> [What you will do]:
Give the data below again exactly as it stands. Omit the pictures.

> [Source data]:
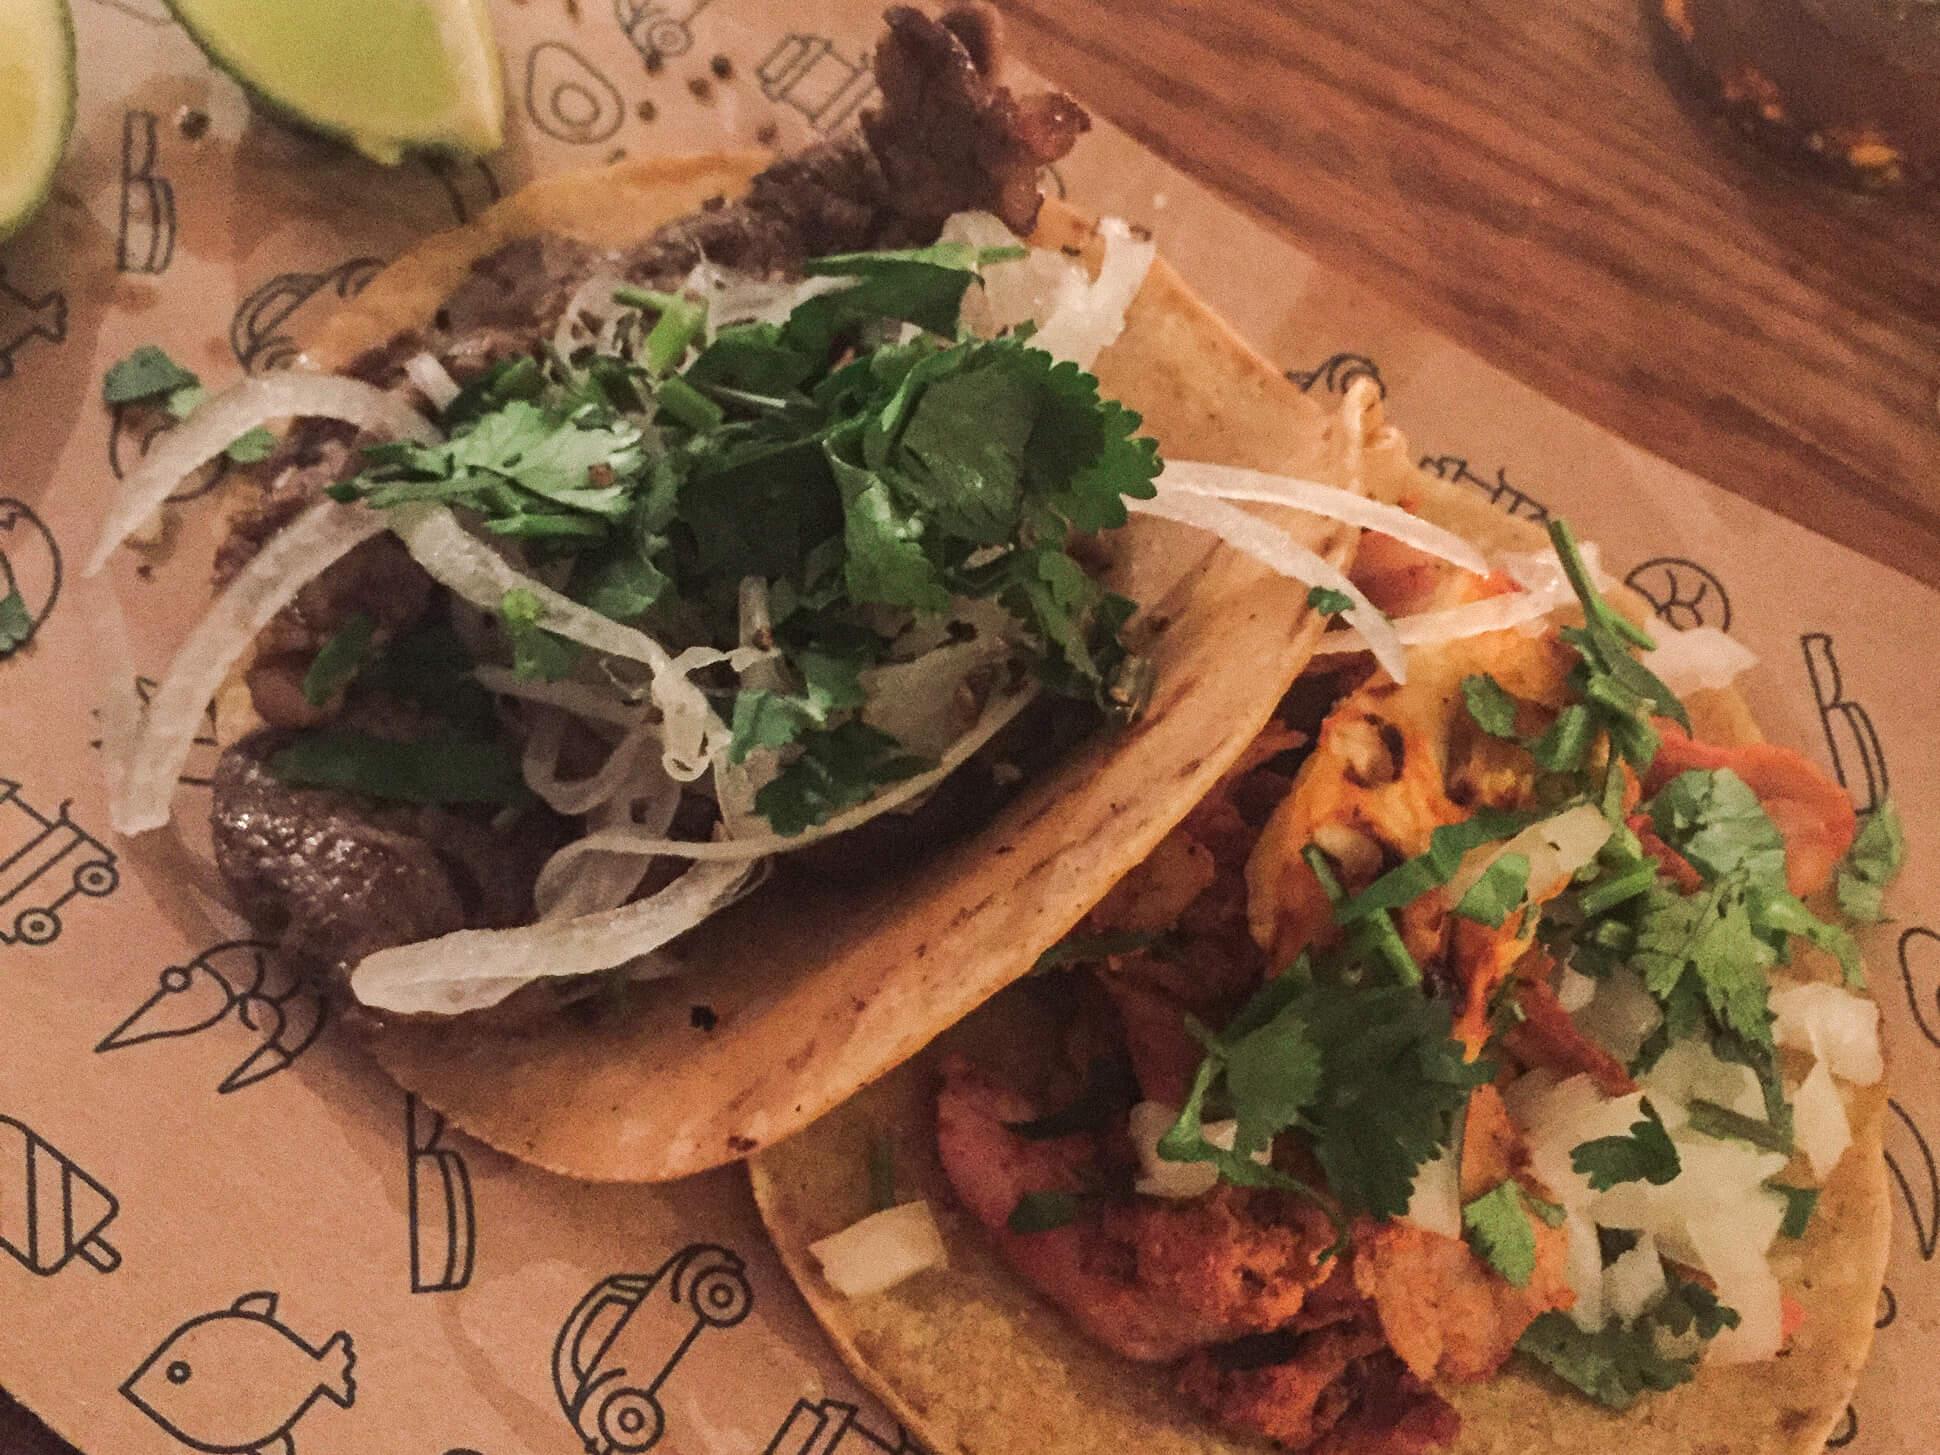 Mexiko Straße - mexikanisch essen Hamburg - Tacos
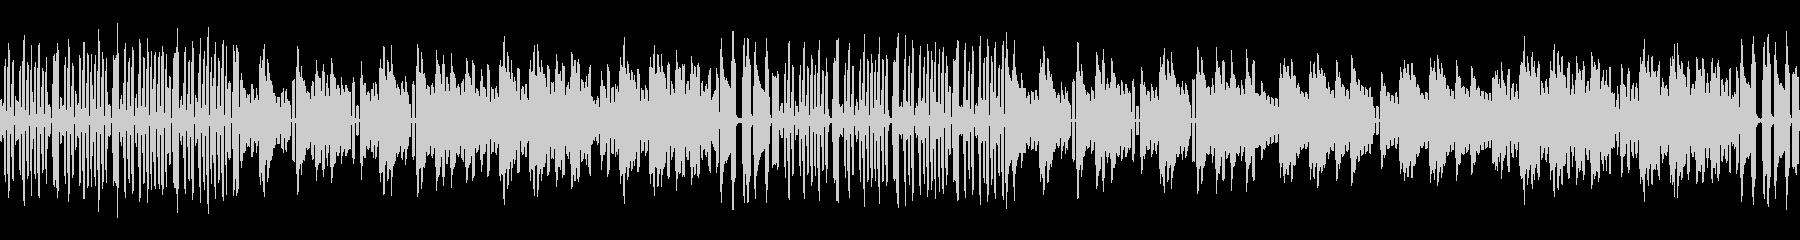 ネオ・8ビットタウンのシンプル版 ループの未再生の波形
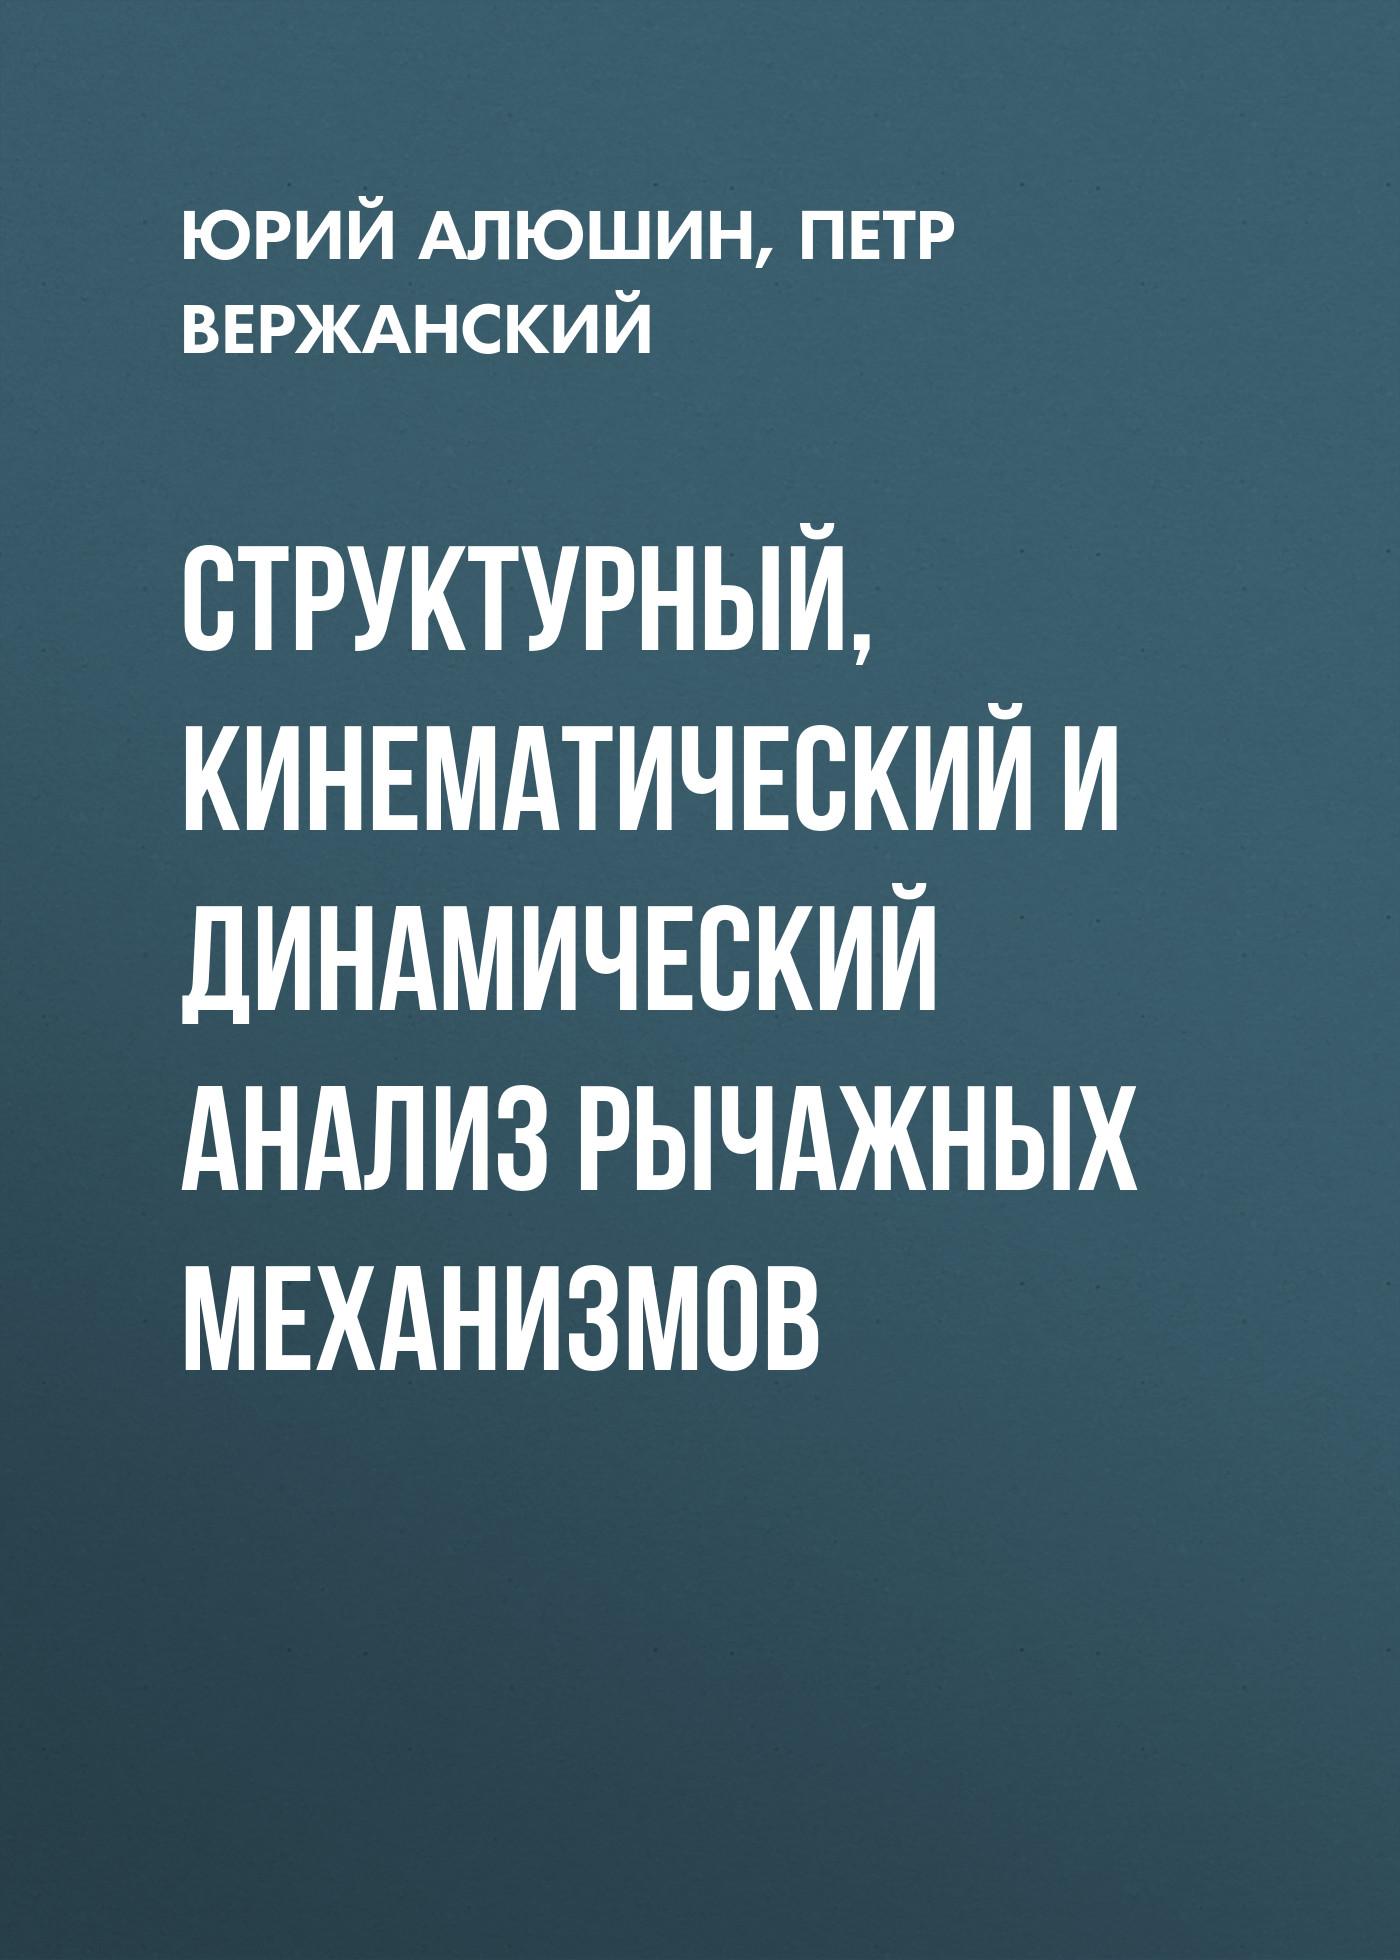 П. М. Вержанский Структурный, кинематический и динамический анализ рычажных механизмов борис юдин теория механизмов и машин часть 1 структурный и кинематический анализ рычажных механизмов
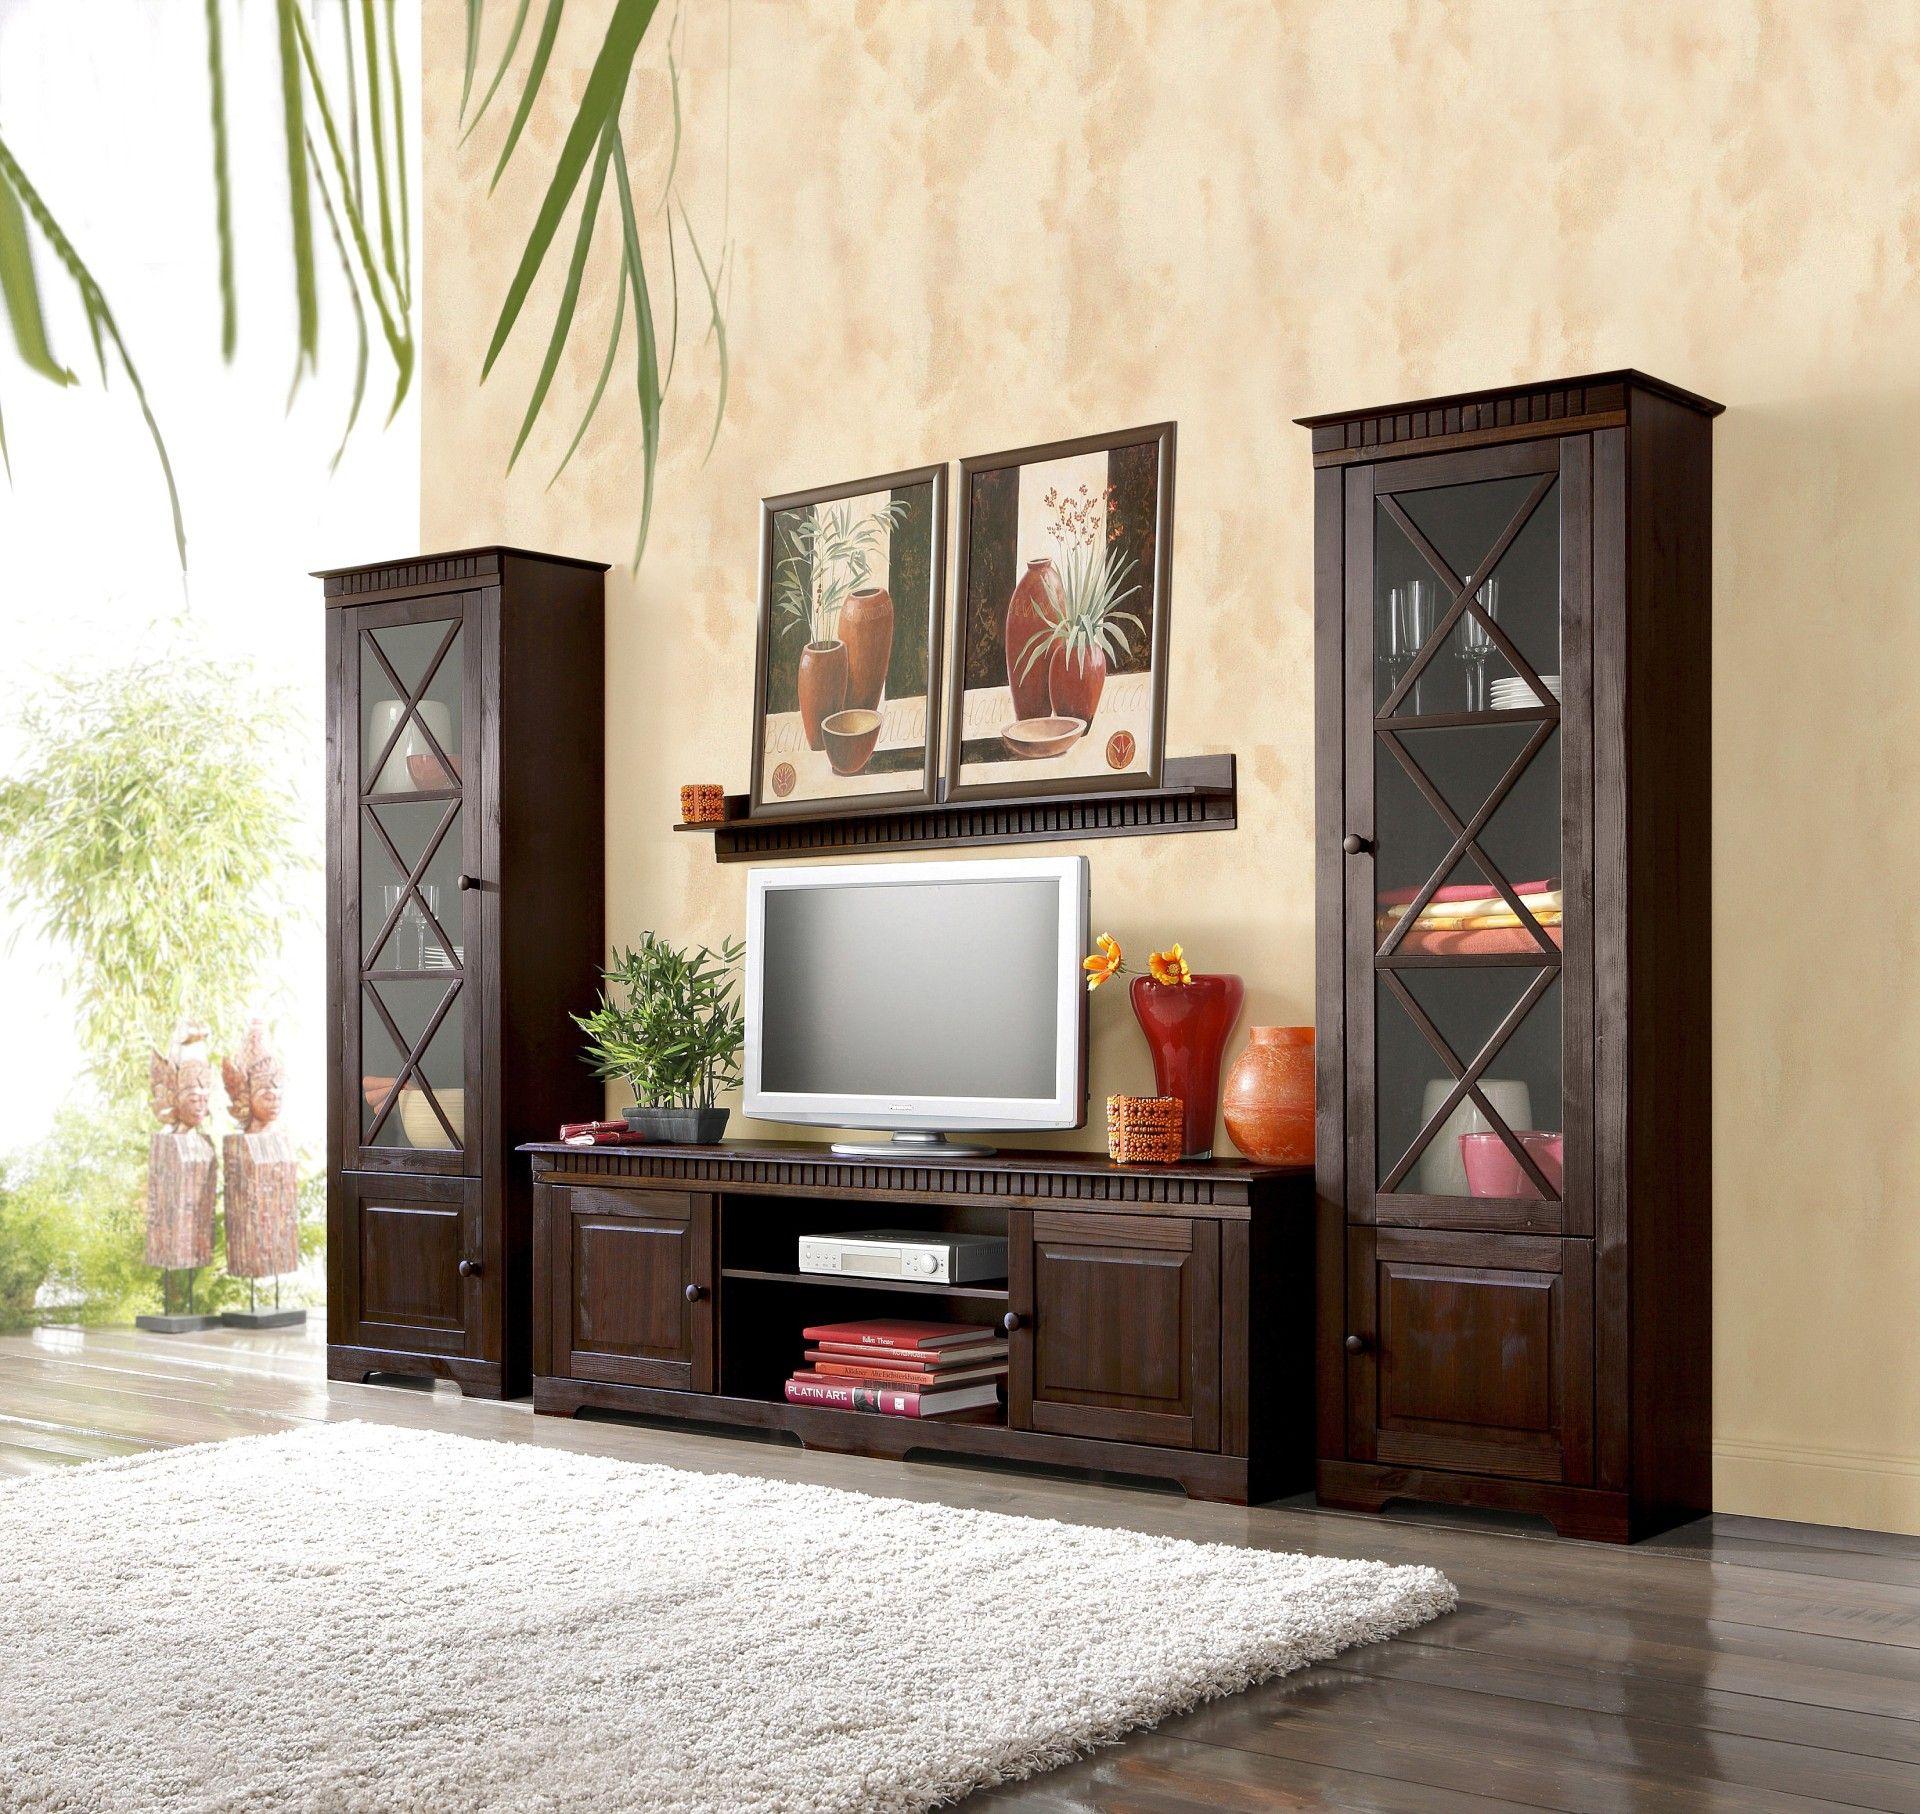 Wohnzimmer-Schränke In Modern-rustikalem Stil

> [Response to the task]:
 Mexiko Straße - mexikanisch essen Hamburg - Tacos
 ネオ・8ビットタウンのシンプル版 ループの未再生の波形
 П. М. Вержанский Структурный, кинематический и динамический анализ рычажных механизмов борис юдин теория механизмов и машин часть 1 структурный и кинематический анализ рычажных механизмов
 Wohnzimmer-Schränke In Modern-rustikalem Stil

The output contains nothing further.